- [Exercise description] Word for word, copy the listing below and leave out its images.

[Opening Dataset section section]

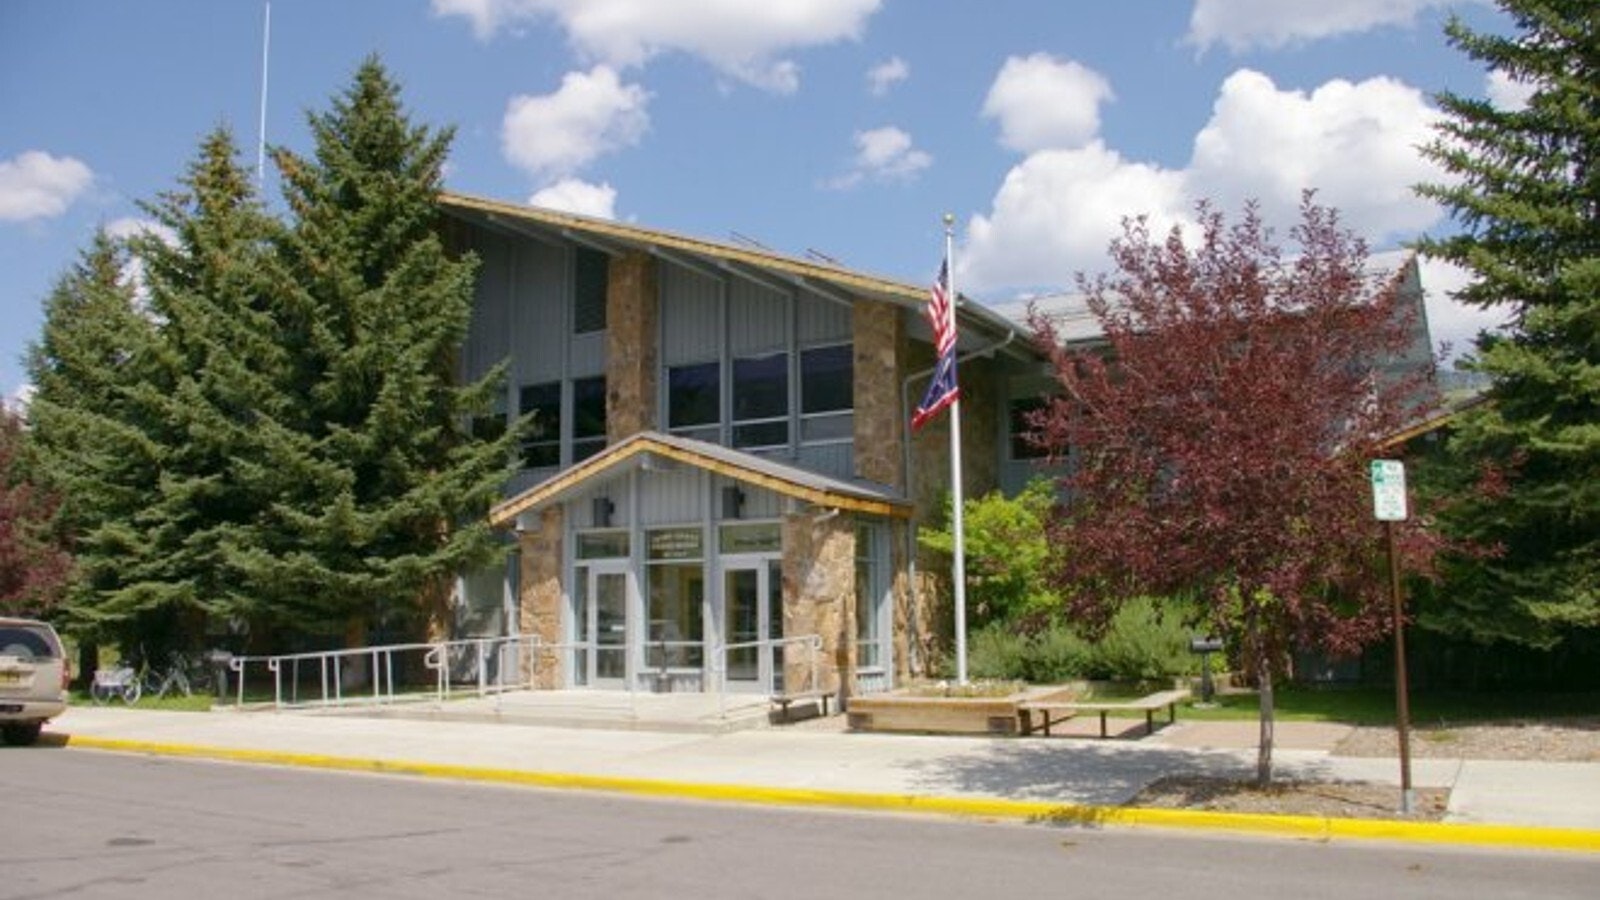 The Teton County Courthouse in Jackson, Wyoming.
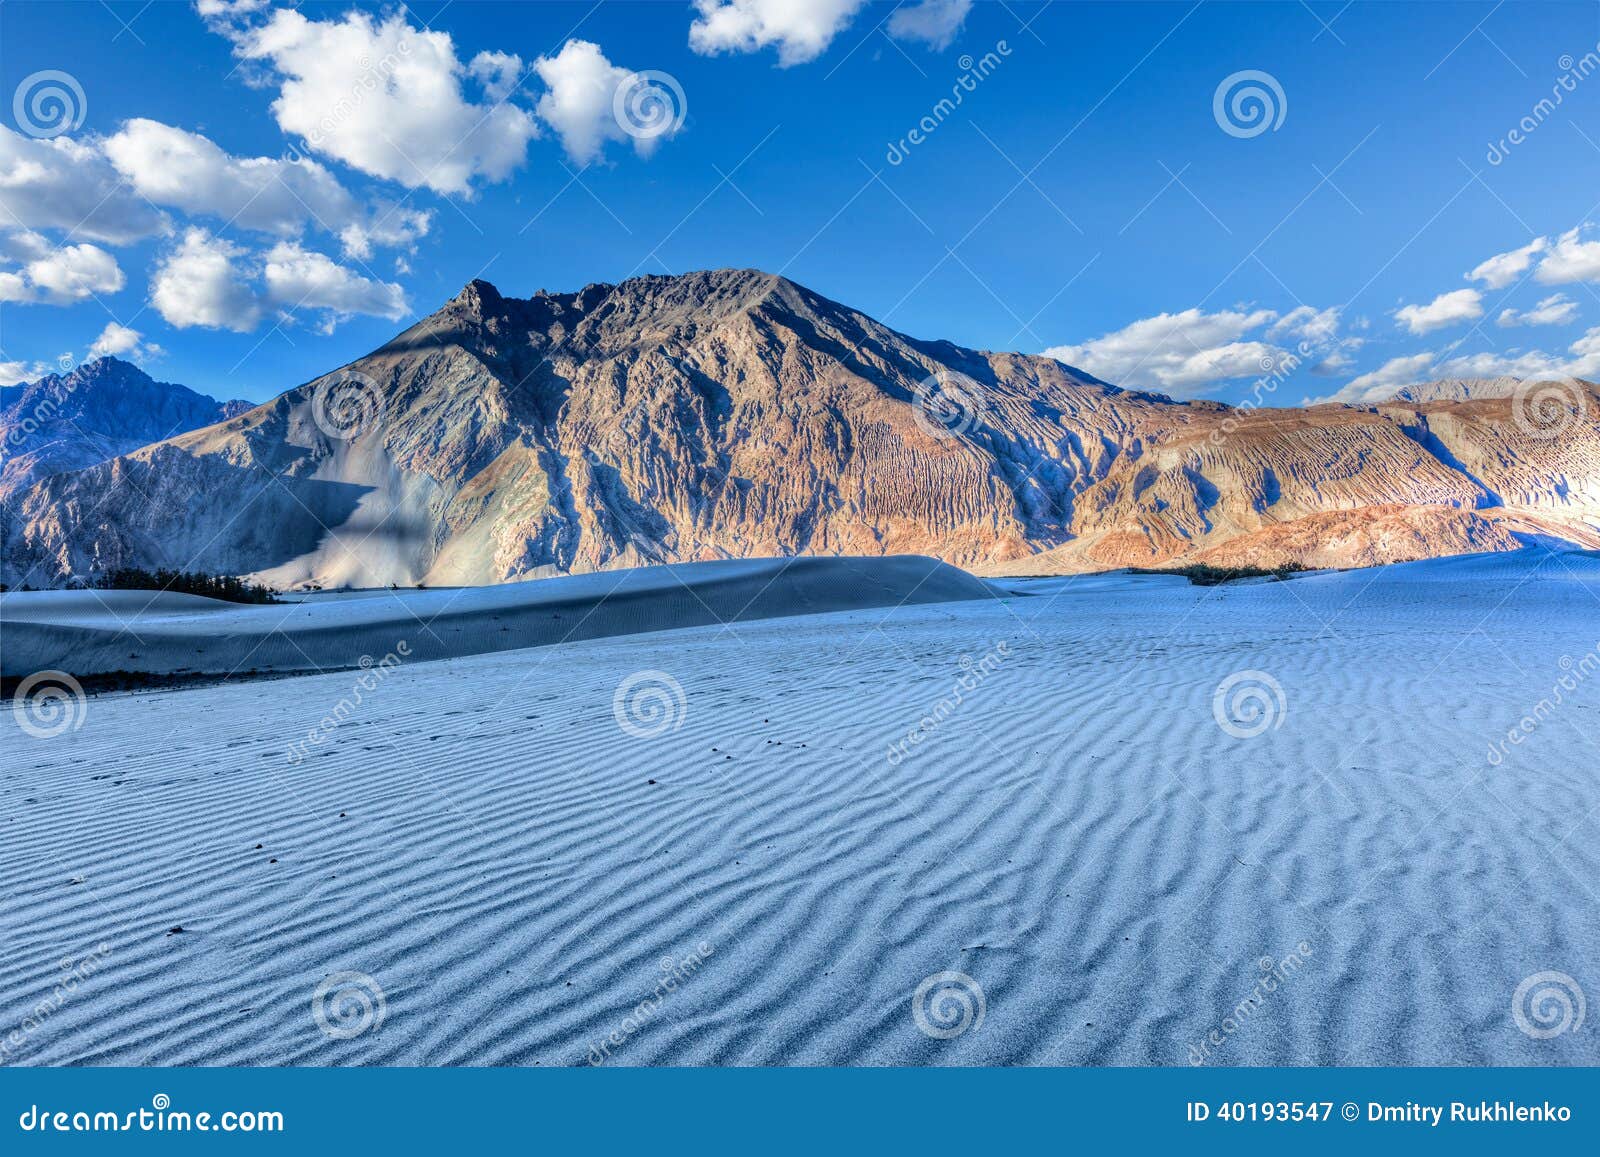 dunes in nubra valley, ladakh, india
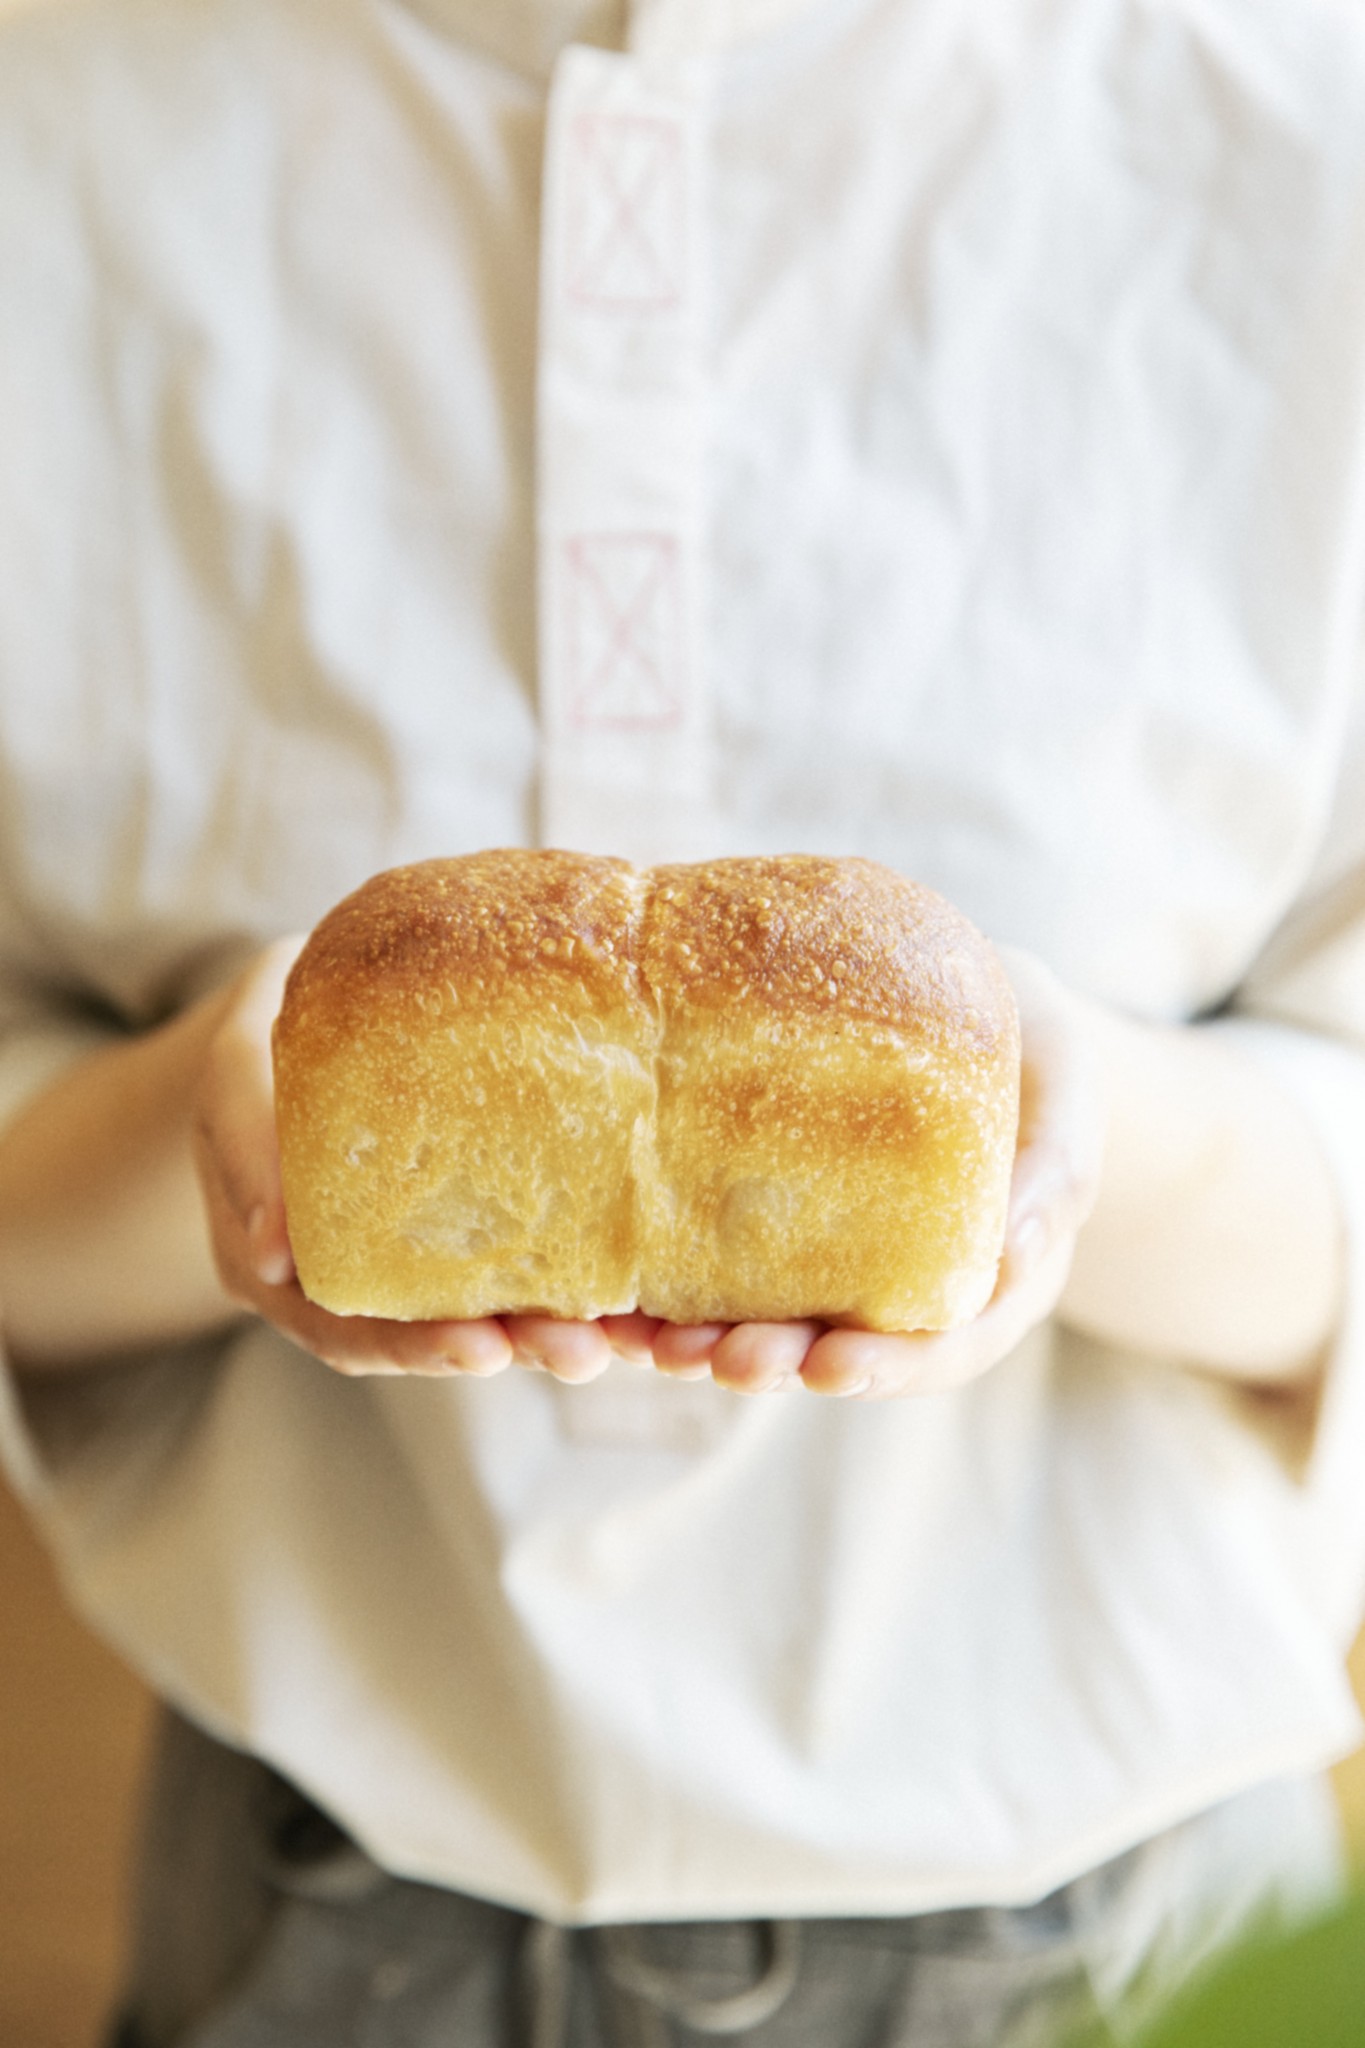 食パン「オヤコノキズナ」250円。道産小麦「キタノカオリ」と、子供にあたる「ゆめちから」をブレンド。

[Closing Dataset section section]

- [Your solution]
 The Teton County Courthouse in Jackson, Wyoming.
 dunes in nubra valley, ladakh, india
 食パン「オヤコノキズナ」250円。道産小麦「キタノカオリ」と、子供にあたる「ゆめちから」をブレンド。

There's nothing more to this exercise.